Shooting from a boat: the practical bits
A few things that have improved my anchorage photographs more than any lens:
- Shoot the bays of the south early or late. The midday Mediterranean light is harsh and flattens the water; the gold hour after sunrise and before sunset is where the colour lives.
- For the turquoise of the Glenan or Porquerolles, you need sun high enough to light the sand through the water, so a bright day around midday beats a low-sun evening. The two needs conflict, so pick your bay to suit the day's light.
- A polarising filter cuts the surface glare and deepens the blue more than any edit. It is the one bit of kit I would not cruise without if photographs matter to you.
- Anchor cleanly, set the hook, then take the dinghy off the boat to photograph it. The picture is almost always better with the boat as the subject, framed against the bay, rather than shot from aboard.
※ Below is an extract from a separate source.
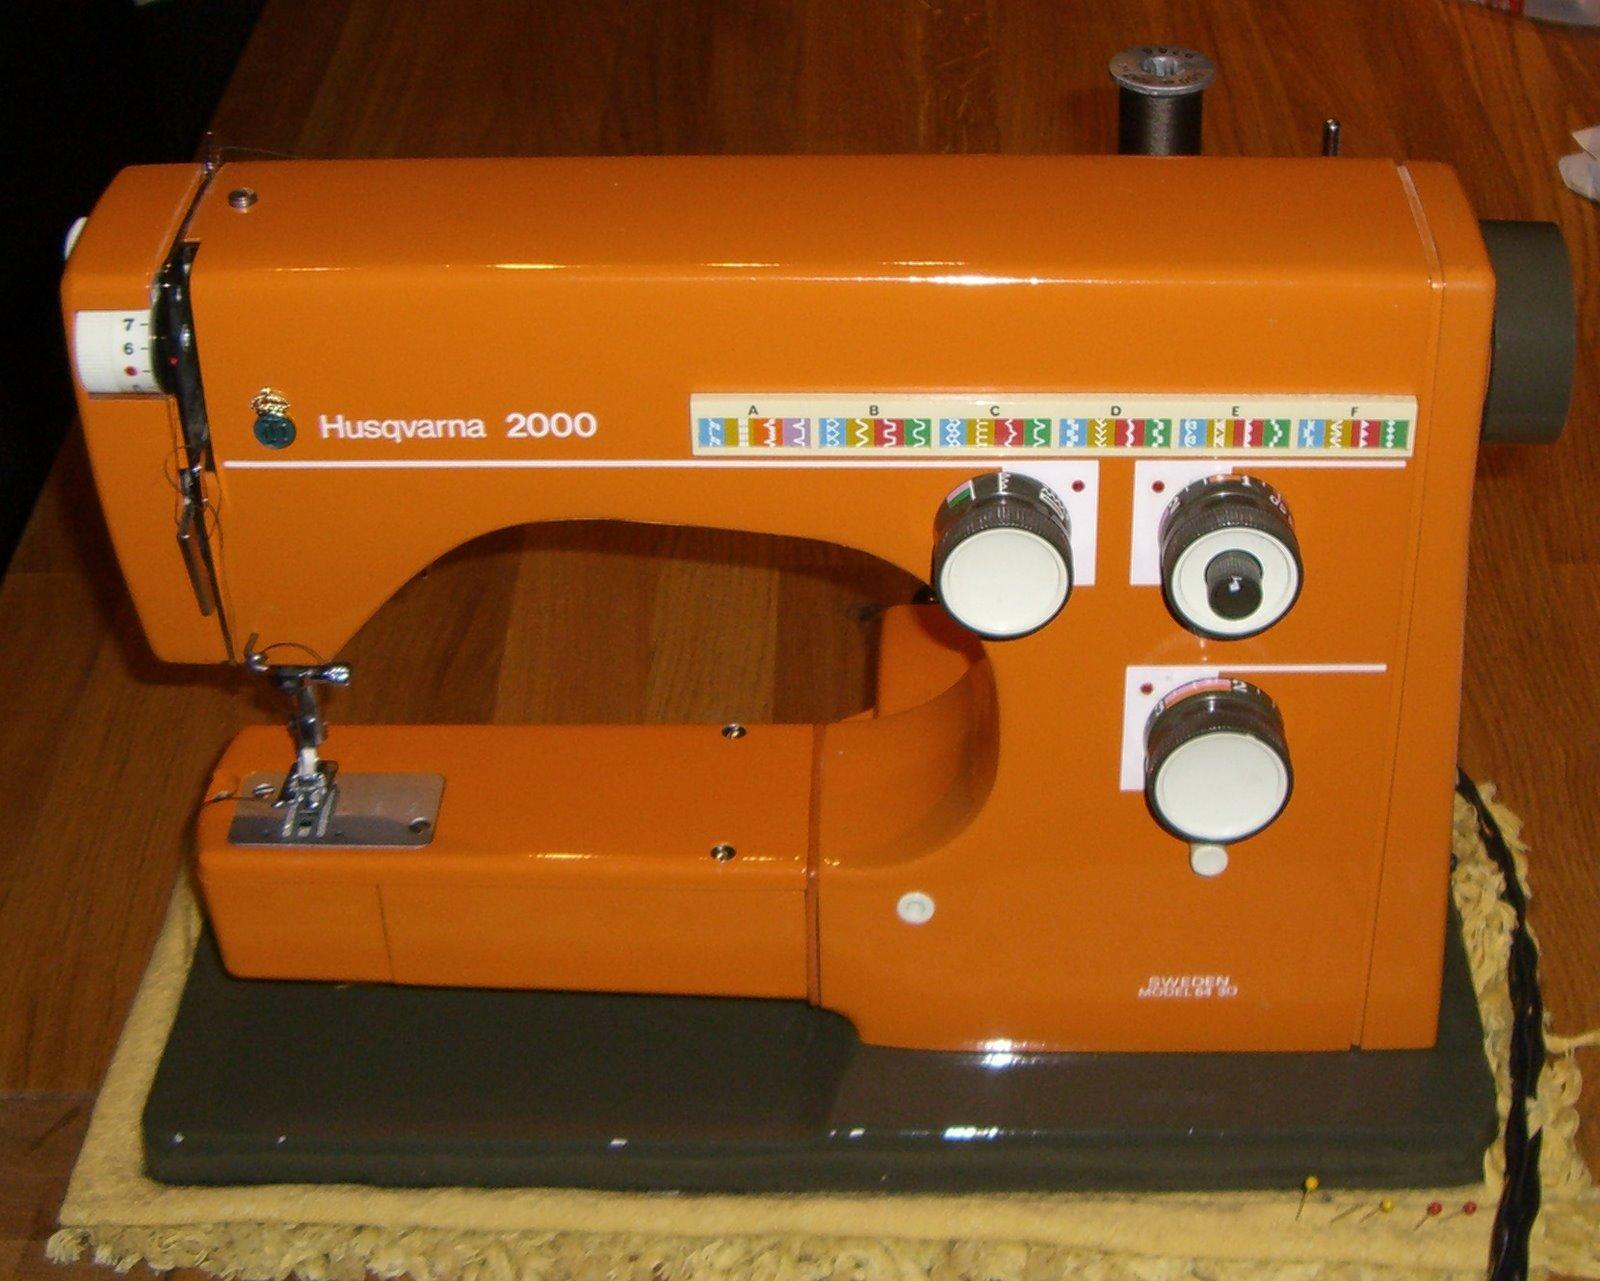 gamle husqvarna symaskiner

Houat and the white-sand Atlantic
Brittany hides one more photograph that surprises everyone. The great beach of Treac'h er Goured on Houat runs 2.2 kilometres in an arc of fine pale sand backed by a belt of dunes, and on a bright day the water over it turns a clear green that has no business being that far north. A boat anchored off the beach, framed against the dunes with the open Atlantic behind, makes a picture that most people guess is somewhere far warmer. The light here is fickle, so this is a fine-weather shot taken when the sun is high enough to light the sand through the water. It is open to the east, so you photograph it on a westerly day, which also gives you the shelter to lie still while you work the angles.
The clifftop wildcard
For something most cruisers miss, the western drying anchorages have a stark beauty of their own. The Banc du Bucheron sandbank off the Fier d'Ars on Ile de Re dries to a vast expanse of clean sand at low water, an 800-hectare bay where you can anchor, dry out and walk the bank. Photographed at the turn of the tide, with the boat sitting on its own reflection over wet sand and La Rochelle's masts a forest on the horizon, it is as striking in its way as any turquoise calanque, and you will likely have it to yourself.